**Work to be completed:**
In the records below, the lines between the one holding "futuristic world, Psylocke" and the one holding "Personalized 35th Anniversary", inclusive, are to be transcribed exactly; no pictures are to be included.

**Data to process:**
-- Opening Marker --

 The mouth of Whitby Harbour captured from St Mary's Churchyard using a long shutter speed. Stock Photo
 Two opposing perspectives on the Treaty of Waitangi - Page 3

-- Closing Marker --
-- Opening Marker --

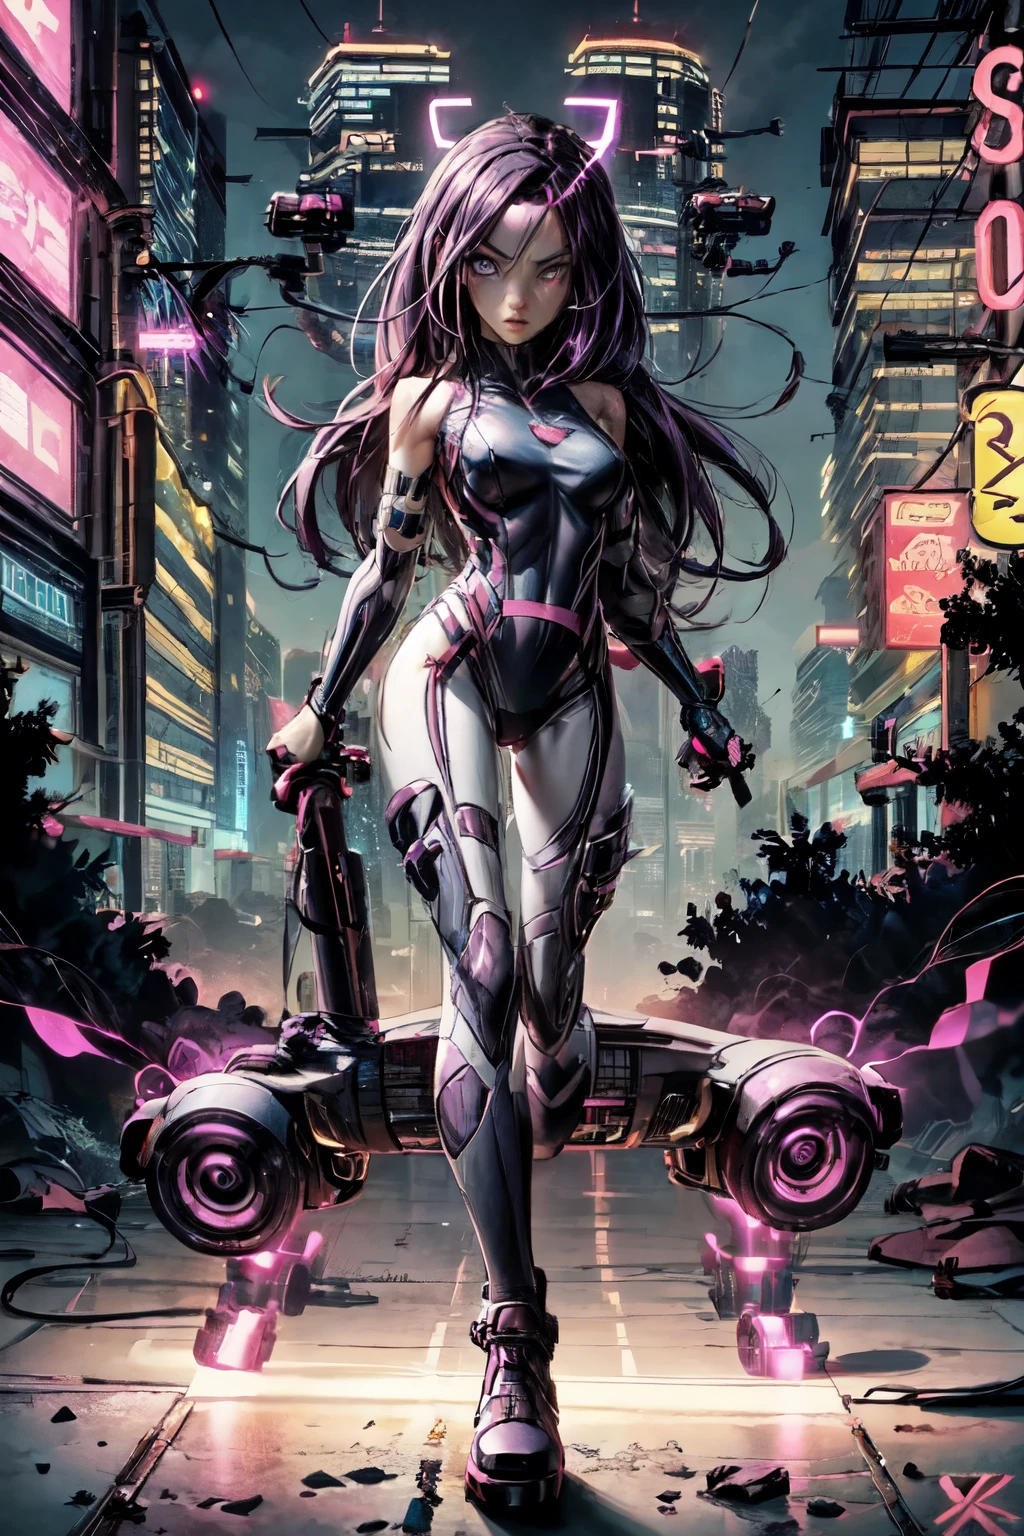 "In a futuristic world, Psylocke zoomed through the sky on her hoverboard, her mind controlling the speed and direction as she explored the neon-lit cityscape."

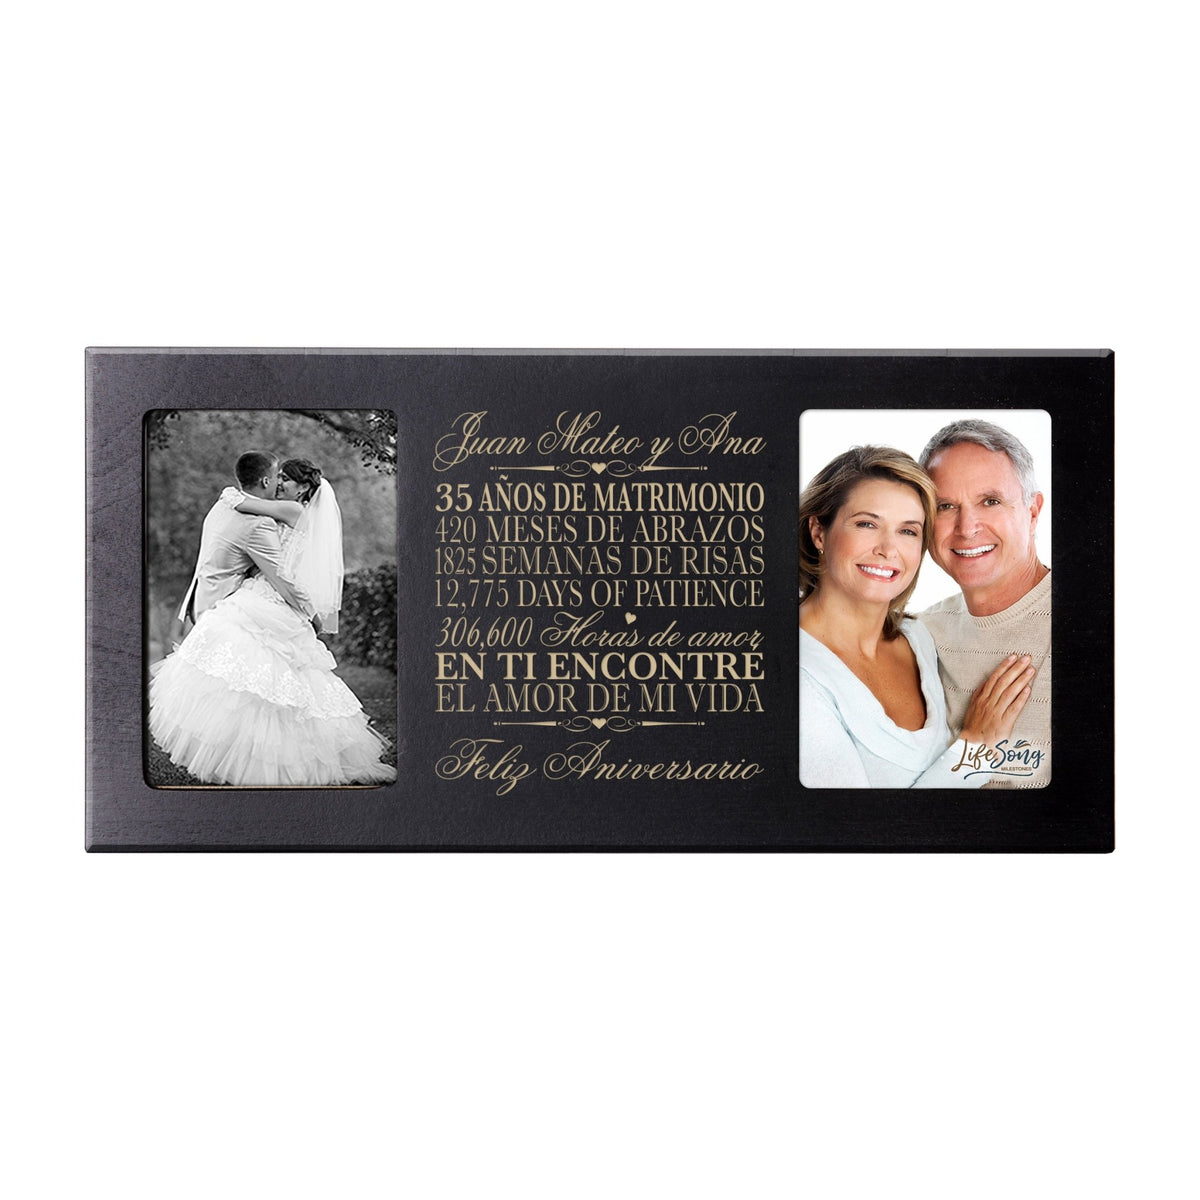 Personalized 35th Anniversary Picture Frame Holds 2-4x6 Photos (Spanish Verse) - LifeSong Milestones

-- Closing Marker --

**Written reply:**
 "In a futuristic world, Psylocke zoomed through the sky on her hoverboard, her mind controlling the speed and direction as she explored the neon-lit cityscape."

 Personalized 35th Anniversary Picture Frame Holds 2-4x6 Photos (Spanish Verse) - LifeSong Milestones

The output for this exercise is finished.